Jörg Buttgereit ist vielen als Regisseur und Autor von Horror- und Splatterfilmen bekannt, die oft von Kritikern und Zensurbehörden heftig umstritten sind. Mit seinem Buch „Nicht Jugendfrei! Tagebuch aus West-Berlin“ gibt er uns nun einen Einblick in sein Leben und seine Sozialisation in der subkulturellen Szene West-Berlins. Dabei geht es um seine Leidenschaft für Kino, Musik und Kunst, aber auch um seine persönlichen Erfahrungen als Teil der Punk- und New-Wave-Bewegung in den späten 70er und frühen 80er Jahren.

Das Buch ist in Tagebuchform geschrieben und erstreckt sich über den Zeitraum von 1977 bis 1983. Buttgereit beschreibt darin seine ersten Horror- und Monsterfilme, die er als Kind in den Bezirkskinos von West-Berlin gesehen hat. Besonders prägend für ihn waren Filme von Regisseuren wie George A. Romero, James Whale und Tod Browning. Diese Filme haben ihn nicht nur in seiner kreativen Arbeit als Regisseur beeinflusst, sondern auch sein Weltbild und seine Ästhetik geprägt.

Auch die Musik spielte eine große Rolle in Buttgereits Leben.
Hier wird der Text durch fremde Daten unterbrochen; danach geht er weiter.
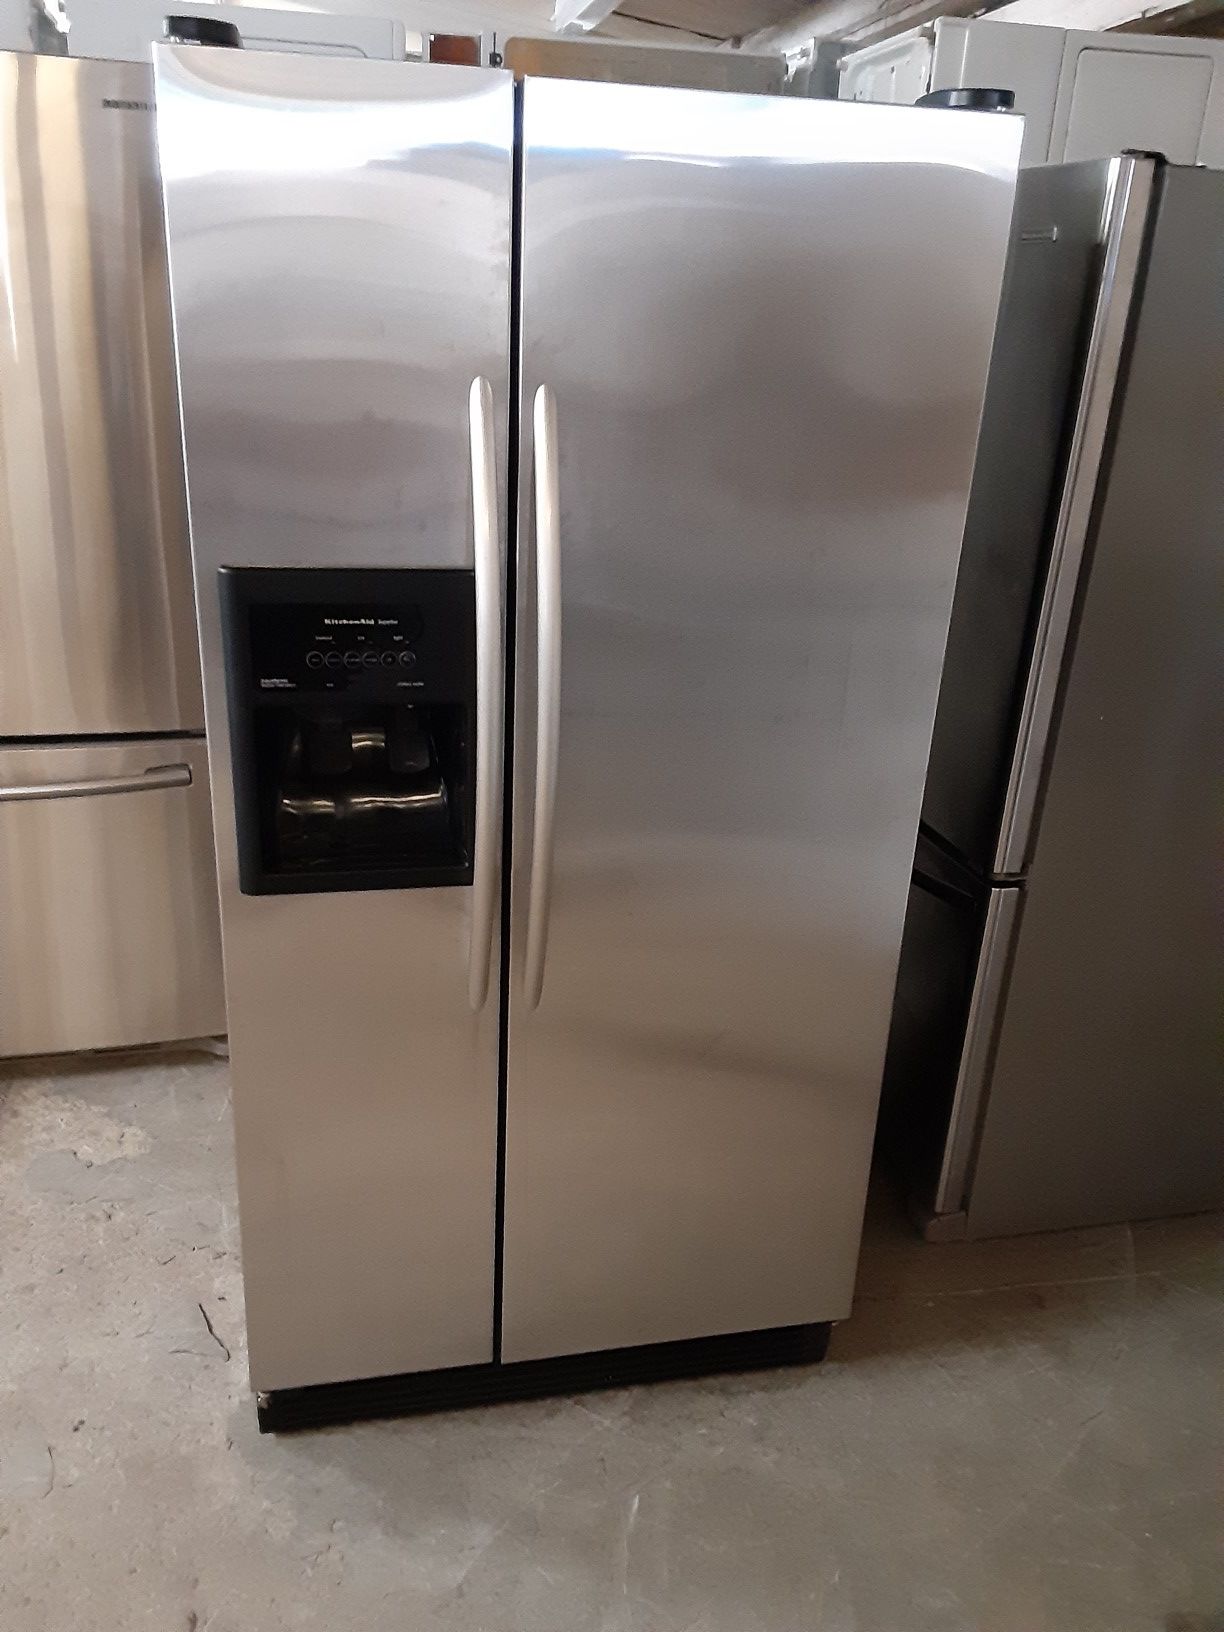 Refrigerator kitchen Aid good condition 3 months warranty

Er beschreibt, wie er als Jugendlicher Konzerte von Bands wie Queen, Kiss oder Led Zeppelin besuchte und später in die subkulturelle Musik- und Kunstszene West-Berlins hineinwuchs. Dabei erlebte er hautnah die Umbrüche und Aufbrüche der Zeit: die Punk-Revolution, die Entstehung der New Wave und Gothic-Szene und den Beginn des Industrial. Er nahm an wilden Konzerten von The Clash, den Dead Kennedys und Throbbing Gristle teil, die ihn in seinen künstlerischen Ambitionen und seiner politischen Haltung prägten.
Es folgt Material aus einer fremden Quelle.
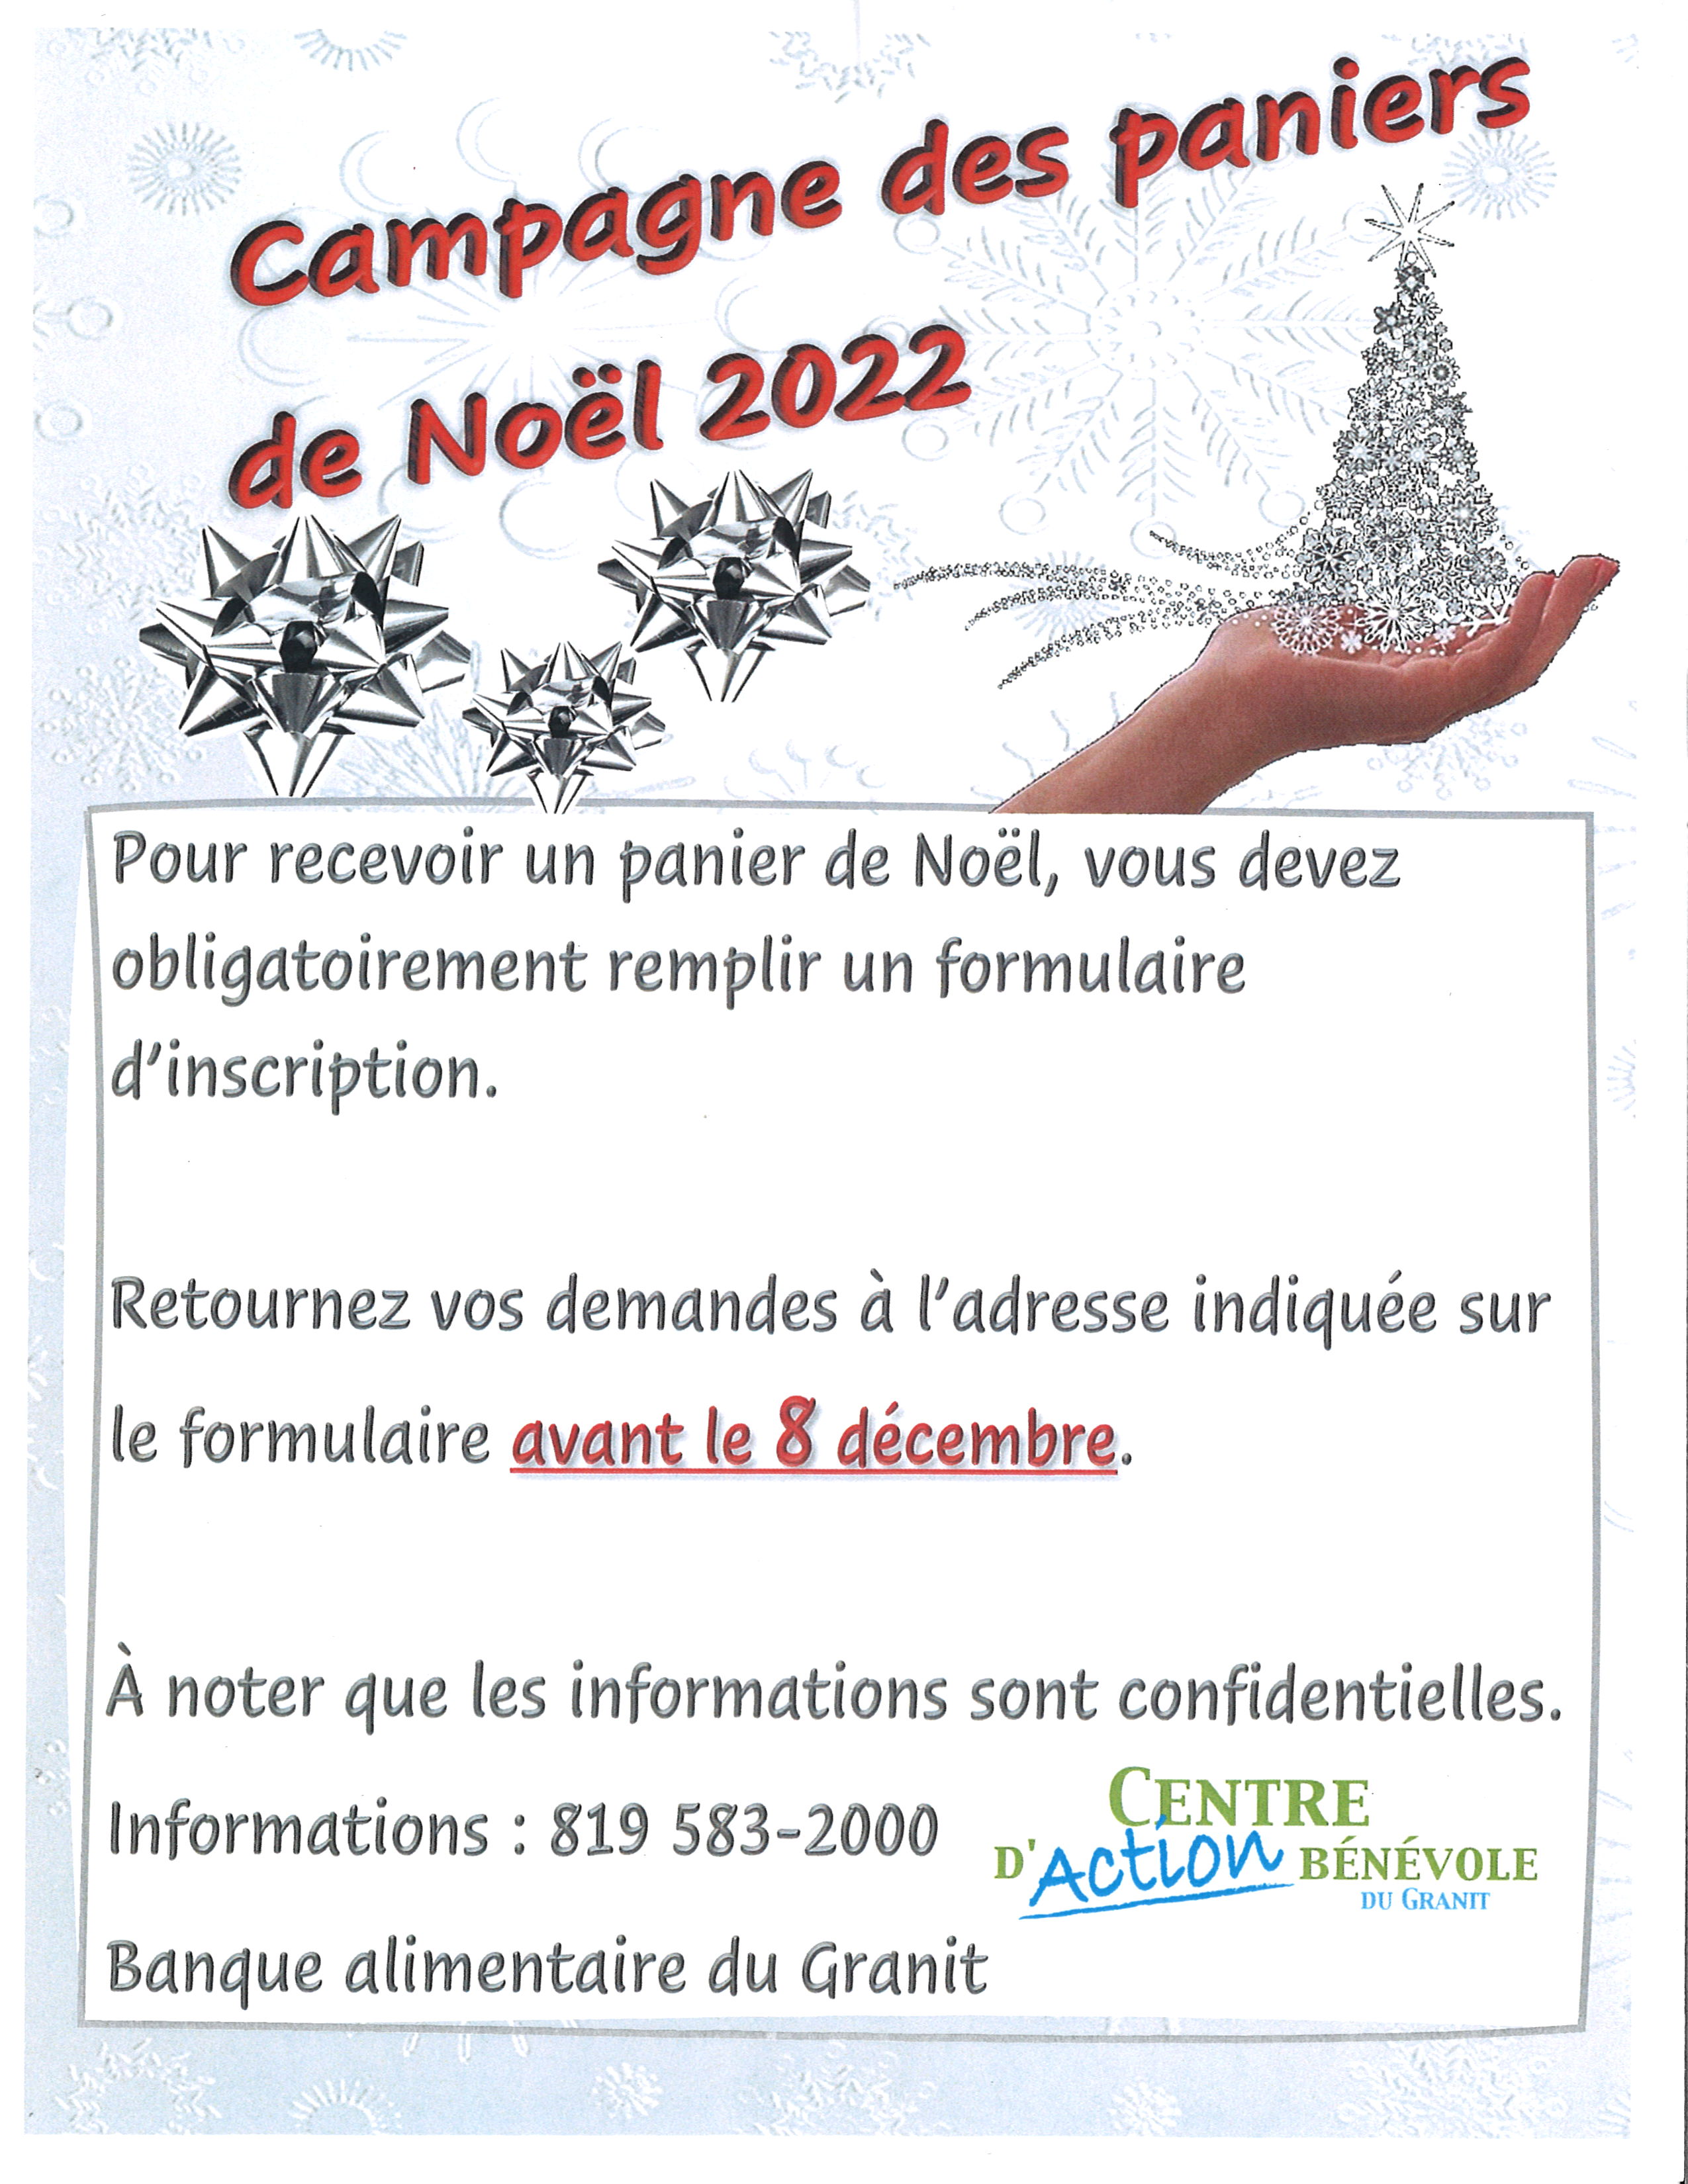 Inscriptions aux paniers de Noël - 30 NOVEMBRE - Ville de Rigaud

Buttgereit war nicht nur ein Beobachter dieser subkulturellen Bewegungen, sondern auch ein aktiver Teil davon. Er verkaufte selbstgemachte Fanzines, organisierte Konzerte und gründete später seine eigene Filmproduktionsfirma. In der Off-Kino-Szene entdeckte er früh die Filme von Regisseuren wie John Waters und David Lynch, die ihn zu seinem umstrittenen Underground-Klassiker „Nekromantik“ inspirierten.
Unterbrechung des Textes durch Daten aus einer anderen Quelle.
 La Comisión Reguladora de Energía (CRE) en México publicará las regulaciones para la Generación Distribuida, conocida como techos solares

Das Tagebuch von Buttgereit ist jedoch kein nostalgischer Rückblick auf vergangene Zeiten, sondern eine kritische Auseinandersetzung mit der eigenen Jugend und der Rolle, die er darin spielte. Er beschreibt auch die dunklen Seiten dieser Bewegung, wie Gewalt, Drogen und Ausgrenzung. Dabei bleibt er jedoch stets reflektiert und selbstkritisch und zeigt ein tiefes Verständnis für die Komplexität dieser Zeit und ihrer Folgen.

„Nicht Jugendfrei!“, ist ein faszinierendes Zeitdokument, das nicht nur für Fans von Jörg Buttgereit und der subkulturellen Szene West-Berlins interessant ist, sondern auch für alle, die sich für die Geschichte der Popkultur und die Entstehung von Untergrundbewegungen interessieren. Das Buch ist dabei nicht nur ein Beispiel für Buttgereits beeindruckende Erzählkunst, sondern auch für seine tiefgreifende kulturelle Bedeutung.